This repository is intended to contain both unit type tests, documented functions, views and materialized views and other structural and procedural elements.
The goal of the repository is to act both as the central source of the SQL code itself (splitting from the Neotoma_SQL repository), and as a source for learning and understanding how the database itself works as we onboard users. For this reason, we are clearly defining the schema as separate folders with clear README files, and testing and validating individual functions within the context of the database and repository.
- Simon Goring
Documentation uses tbls, a powerful tool for examining databases and generating documentation. There are two scripts associated with the tbls installation:
These scripts will install tbls from GitHub, and then run the documentation and linting modules for the Neotoma database. The documentation and linting are informed by the .tbls.yml settings, as described on the tbls GitHub page.
Once tbls has been run, a file linting_output.txt. will be generated. This file will indicate all potential issues of note within the database. Note: This is a very extensive list of issues, but ultimately the list is critical, for example:
- Column level comments ensure that the database itself is self-documenting.
- Absence of
recdatecreatedandrecdatemodifiedcolumns indicates that we are not properly tracking changes to the database tables. - Missing foreign key indexes mean query performance may be degraded.
More details about the meaning and correction of the tbls linting warnings are available from the tbls documentation.
The folder tables contains definitions for all (non-system) tables in Neotoma. These definitions are generated using the check_functions.py script. The script calls to the database and creates a unique file for each database function and table in each schema.
For each table, we provide the table definition as a CREATE TABLE IF NOT EXISTS statement. This statement lists all columns in each table, and lists the variable types. We include the COMMENT statements for the tables, so that these can be added (if needed) or modified, particularly in response to the results of the database linting (above).
Table files also include calls to add table constraints, indices and foreign keys. The intention of these files is to support the ability to sync between the repository and the database itself.
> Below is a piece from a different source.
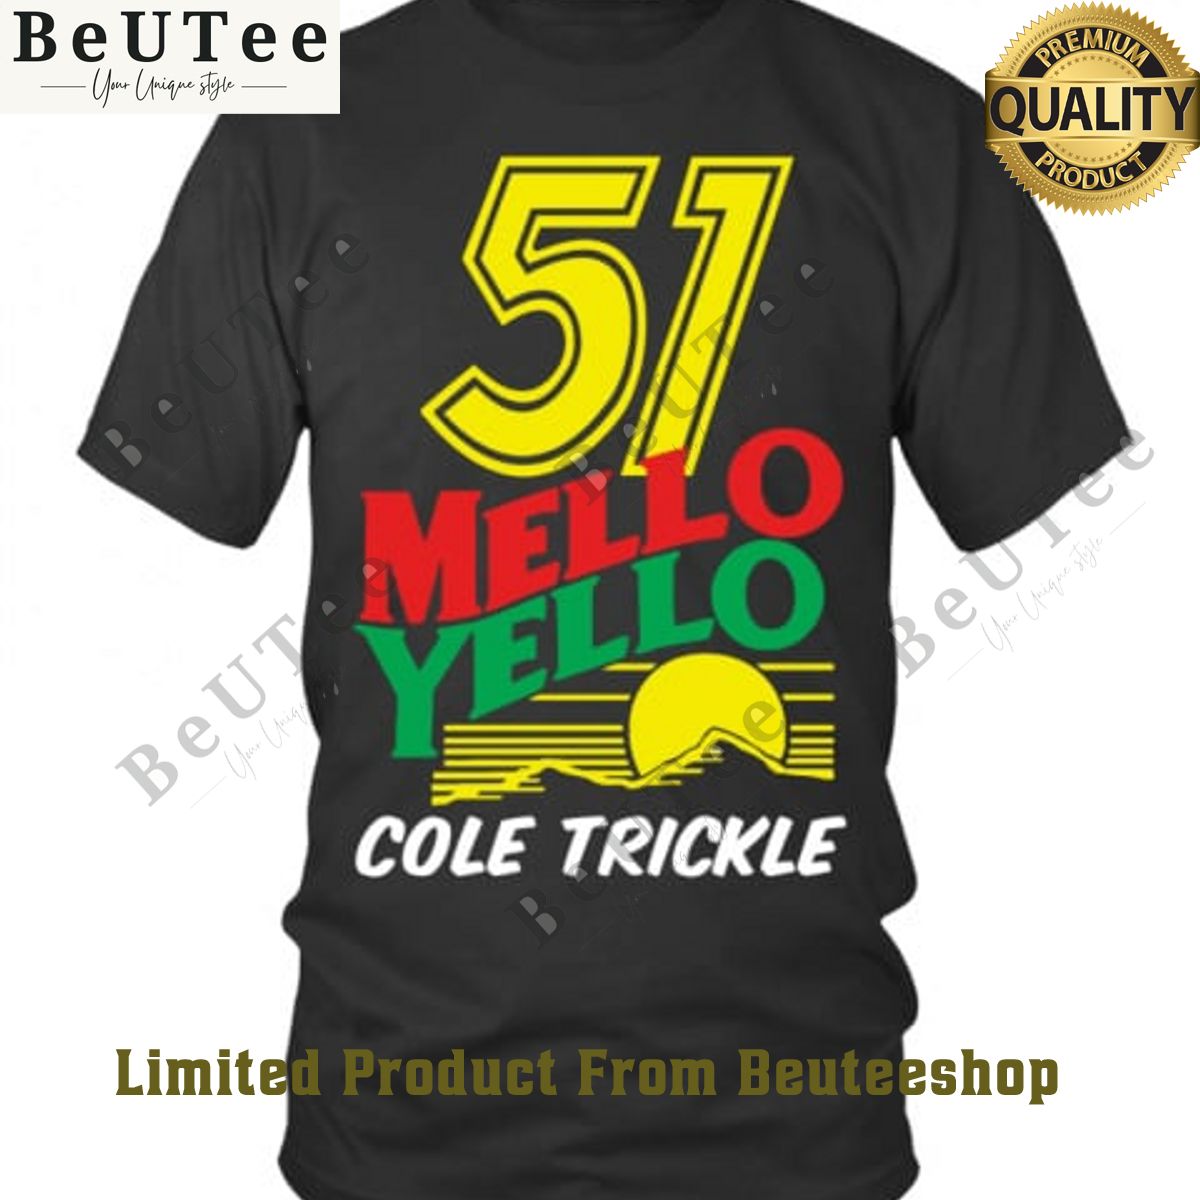 enjoy mello yello 34th anniversary days of thunder 1990 2024 cole trickle car 51 t shirt 1 sRW6A.jpg
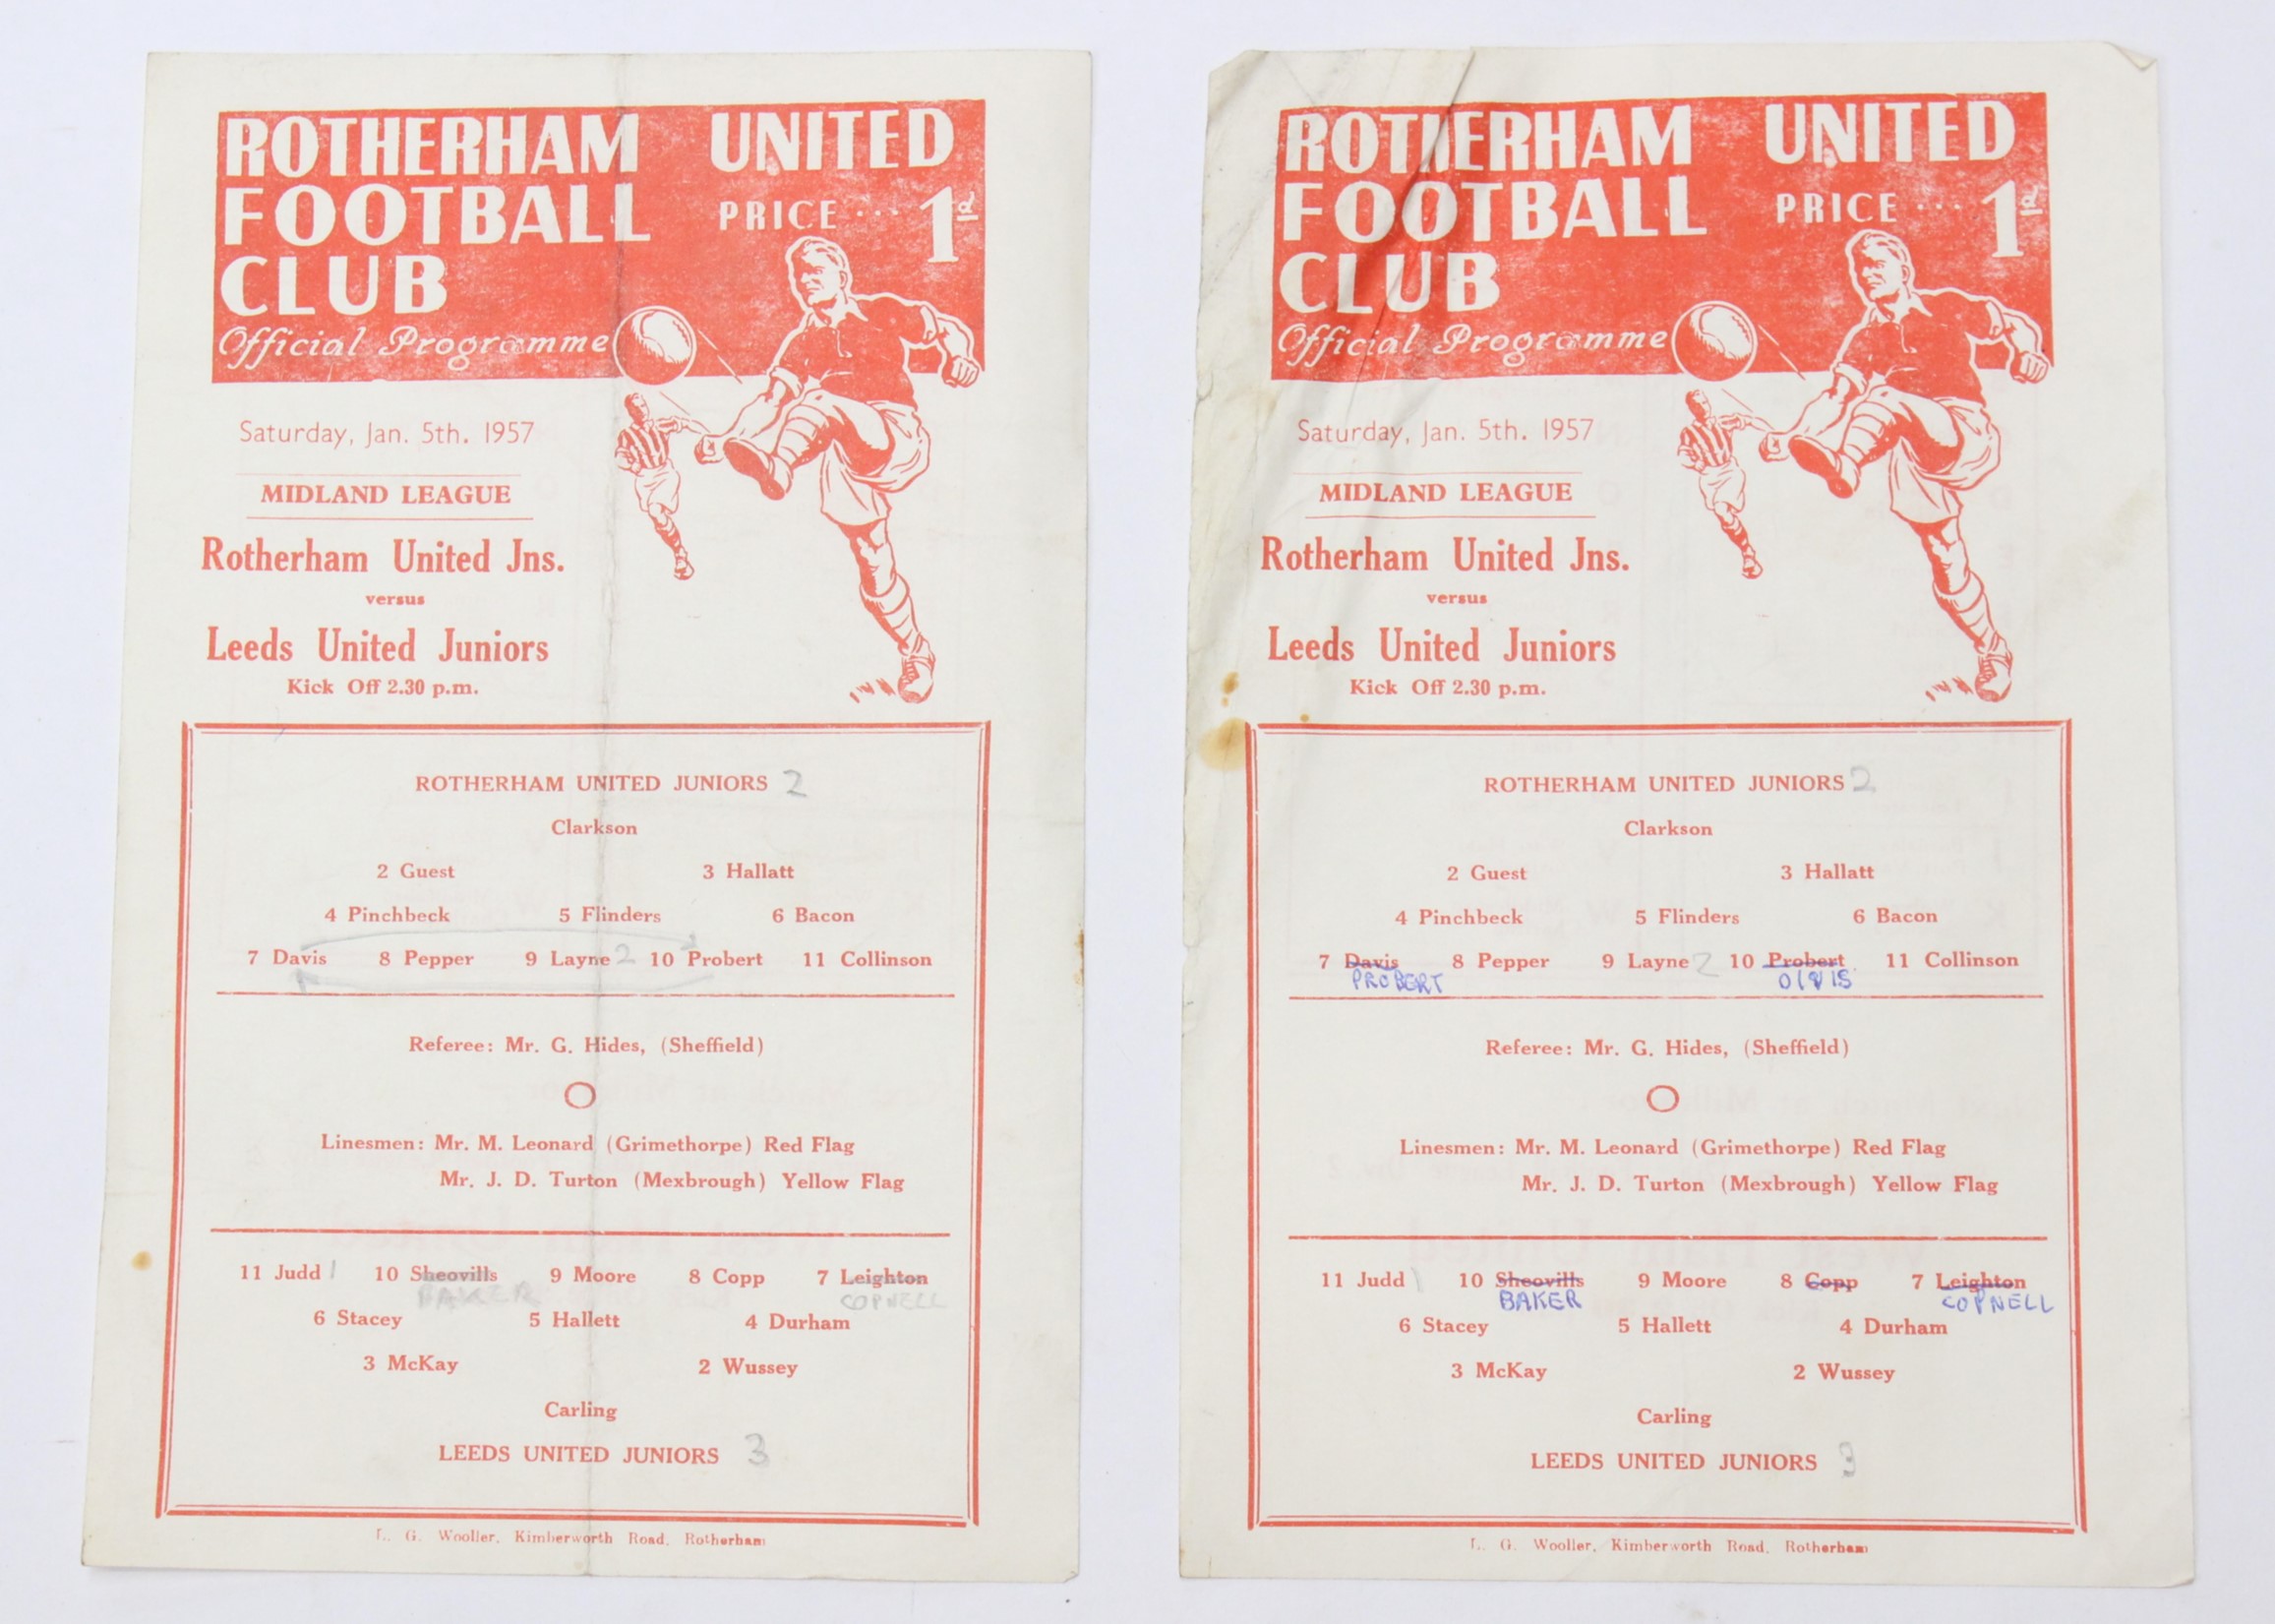 Rotherham United: A pair of Rotherham United Juniors v. Leeds United Juniors single-sheet match

Although the syncing has not yet been fully implemented, it will likely include a reporting and logging feature that uses an md5 hashing approach and some form of conflict detection.
For each function in each of the Neotoma database schema, we define the function using a CREATE OR REPLACE FUNCTION statement, so that the files can be run individually to create, or to overwrite the existing function.
For functions where the function return object may change (different column names, or definitions), it is possible the user may first need to DELETE the function properly, rather than just running CREATE OR REPLACE.